Превентивные беседы отец ведет с сыном тогда, когда замечает в нем приступы злобы. Дитя не имеет ключа от квартиры и, пока отец не пришел с работы, гужуется в подъезде. Пусти его одного сидеть дома, мигом обнаружишь ту же картину: девки на полу, война в Крыму, Крым в дыму, половина имущества растворилась во мраке, видео, телевизор и радиотелефон, куртки и чемодан.
Так-то отец — бравый мужик, работает, ходит в баню по субботам, носит домой продукты и говорит бабам на работе, что сынок жрет безостановочно, пока все не переест. Всегда ничего не оставлено на утро! (Кроме сырой картошки и морковки.)
И что он там думает, сынок, сидя в подъезде часами у батареи, о чем мечтает, как строит планы на будущее, никому не понять.

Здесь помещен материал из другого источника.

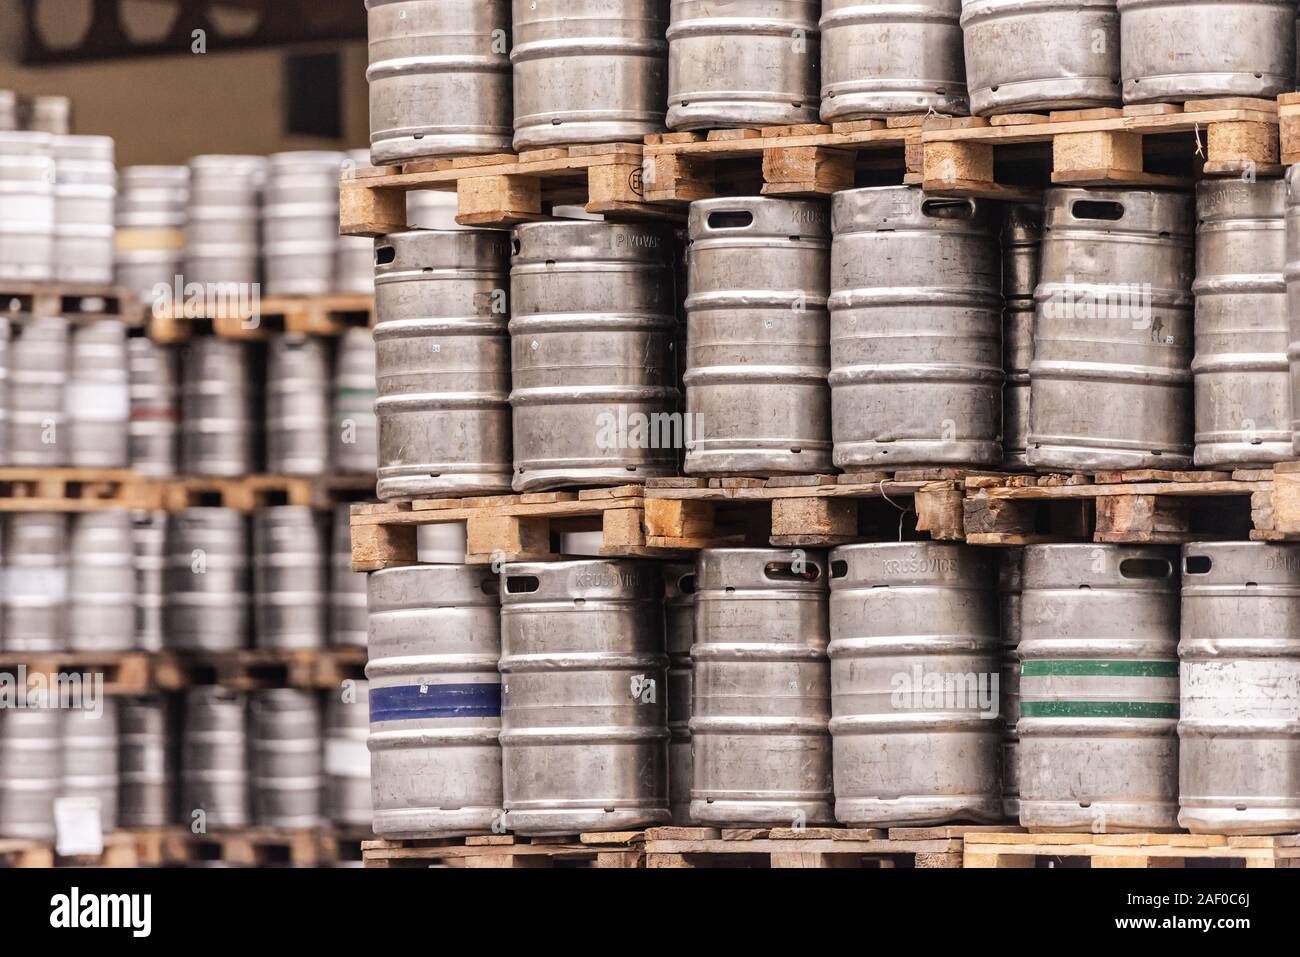 Barili di birra. La fabbrica di birra. Deposito di birra. Rack di barili di birra su pallet. Foto Stock

Отец-то прозревает все это, поэтому следит за своим здоровьем и каждый вечер разговаривает по скайпу со старшим сыном, который закончил институт и собирается ехать в аспирантуру, но не в Москву. Чего я тут не видел, в Рашке. В Бостон, к маминой сестре.
А потом они ложатся спать, отец с сыном, мальчик с полным на будущее желудком и опасливый отец, который на прощание мечтает о Бостоне, о домике в предместье, о бассейне — все это для старшего сына, для него. И половина квартиры ему все-таки достанется в случае чего.
Все убрано из квартиры, молоток, гантели, веревки, острые ножи.
Отец, правда, упражняется на турнике, вставленном в дверной проем. Он бережет здоровье на всякий случай, хотя ни в чем не уверен.
Малый ведь способен принести со двора кирпич в пакете. И на улице у подъезда может встретить папу с дружками. Ни в чем нельзя быть уверенным. Никакого просвета.
Но и жениться нельзя, хотя подруга есть, нельзя улучшать свою жизнь, уходить на другую квартиру (у молодой подруги имеется всё, дача, машина). Сына не оставишь и с собой не возьмешь. Никому ты не нужен, кроме меня, бедняга. Никому на белом свете. Спи пока.